In different fields of medical image analysis, various domain adaptation (DA) techniques have been used to address the challenges associated with transferring knowledge from a source domain to an unlabeled target domain. These techniques include adversarial learning which aligns feature distributions [13], self-ensembling methods that generate pseudo-labels for unlabeled target domain samples using trained model predictions [14], cycle consistency models that synthesize target images from source images [15], and DA methods based on variational autoencoders [16].

Fig. 1
figure 1

In MRI scans, IVDs display considerable variation in signal intensity, shape, and texture, influenced by aging, degeneration, and pathology, contributing to their diverse appearances. This image highlights the distinct characteristics of the datasets, showing different contrast levels and illuminations. Target 2 in particular, comprises images from different scanners and patients with pathology, resulting in a greater complexity compared to the other datasets

Recently, incorporating auxiliary tasks in computer vision models has shown to be a straightforward way to develop domain-invariant features, improving adaptability across different domains [17]. This approach, particularly beneficial in medical image analysis, simplifies training and addresses generalization challenges posed by data variability across institutions and patient groups. Indeed, various researchers have applied this strategy to solve DA tasks. A structure-driven DA approach for unsupervised cross-modality cardiac segmentation is proposed in [18]. A set of 3D landmarks serves as representative points that embody the heart anatomical structure across various imaging modalities (computed tomography (CT) and MRI). The model learns to predict the positions of the landmarks, facilitating the identification and use of shared structural information. Cardiac structures segmentation from CT and MR volumes is also explored in [19], which uses an edge generation auxiliary task to support the primary segmentation task in the target domain. To cope with domain shift, they employ hierarchical low-level adversarial learning to encourage informative feature suppression hierarchically. Unsupervised DA is explored in [20] for abdominal multi-organ segmentation on CT scans, leveraging the organ location information. A jigsaw puzzle auxiliary task is devised to reconstruct a CT scan from shuffled patches. Additionally, a super-resolution network is used to standardize images from multiple domains. The auxiliary and super-resolution tasks are trained alongside the organ segmentation task to enhance overall performance.

The effectiveness of the DA based on the inclusion of auxiliary tasks strongly depends on the optimal design of the pretext task, which can present challenges, such as the domain shift between the pretext task and the final segmentation domains [21]. Thus, drawing inspiration from recent research in the field of fashion compatibility [22, 23], we recognize the significance of color and texture in analyzing and categorizing visual data.
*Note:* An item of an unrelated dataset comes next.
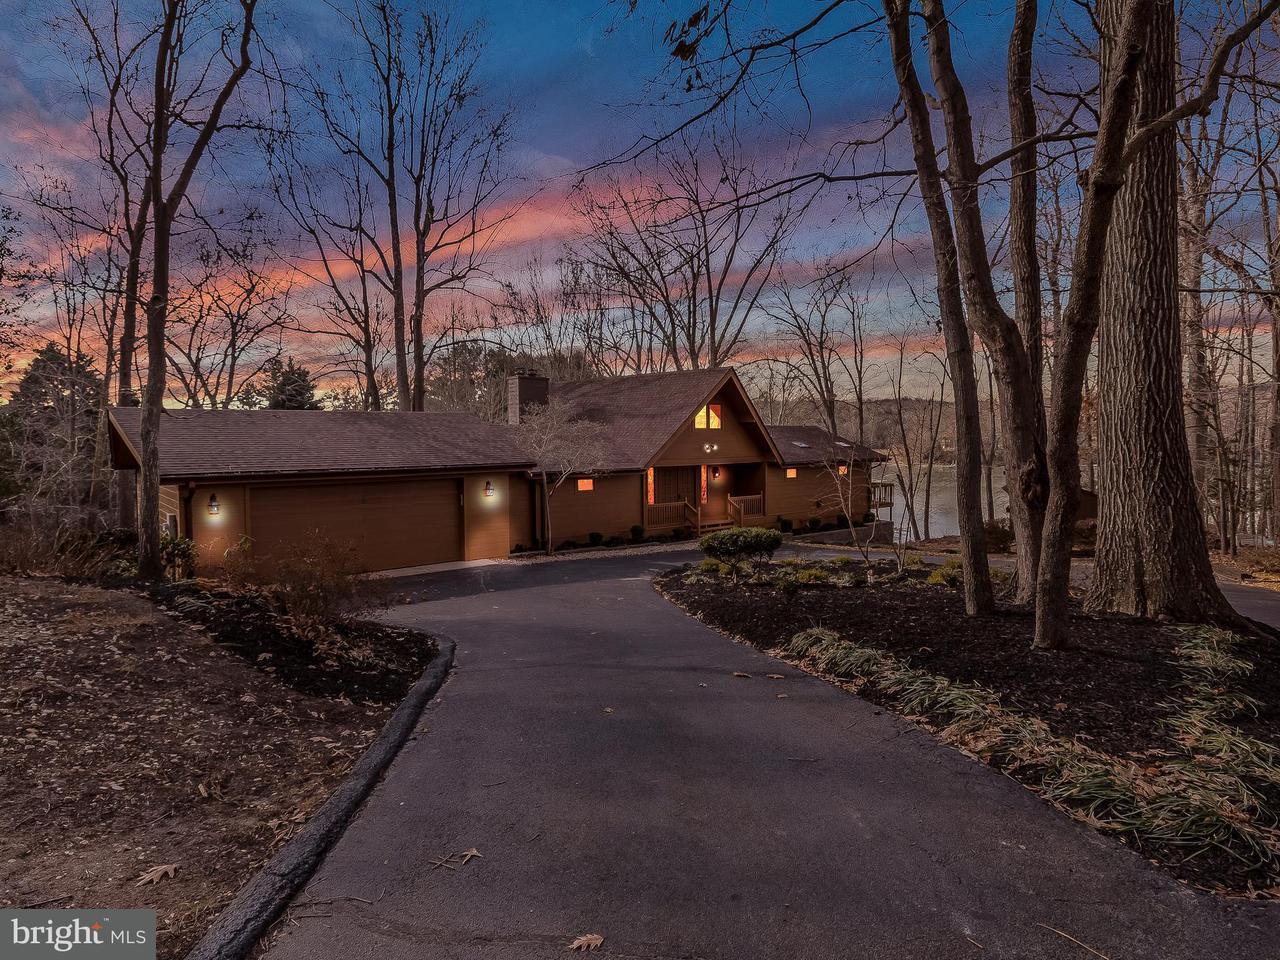 Single Family Home for Sale at 3847 SHAMROCK Court 3847 SHAMROCK Court Port Republic, Maryland 20676 United States

This approach involves the application of color and texture pretext tasks to extract discriminative features while disregarding shape information. Color features in natural images translate into intensity features in medical imaging, as shown in [24], which recently reported a similar approach for histopathological image classification and out-of-distribution detection. This aspect gains importance in MRI, where hardware and software variations result in non-standard tissue intensities, crucial for differentiating IVDs and vertebrae. Therefore, the application of this specific pretext task becomes particularly relevant.

Guided by these considerations, the contributions of this paper can be summarized as follows:

  1. 1.

    First attempt at exploring self-supervised DA for IVD segmentation in MRI.

  2. 2.

    First-ever work that leverages self-supervised learning in medical image segmentation, specifically introducing intensity-pretext tasks for DA. The framework is designed to be end-to-end, offering a straightforward yet effective approach to this complex task.

All the experiments are performed using publicly available datasets to promote comparisons with the presented methods.

Materials and methods

Dataset description

We used three MRI datasets: one as the primary source domain (S) and two others as target domains (T1 and T2). They were collected from different medical centers using various MRI scanners, leading to a rich diversity in patient demographics and MRI parameters, essential for enhancing the robustness and applicability of the developed segmentation model.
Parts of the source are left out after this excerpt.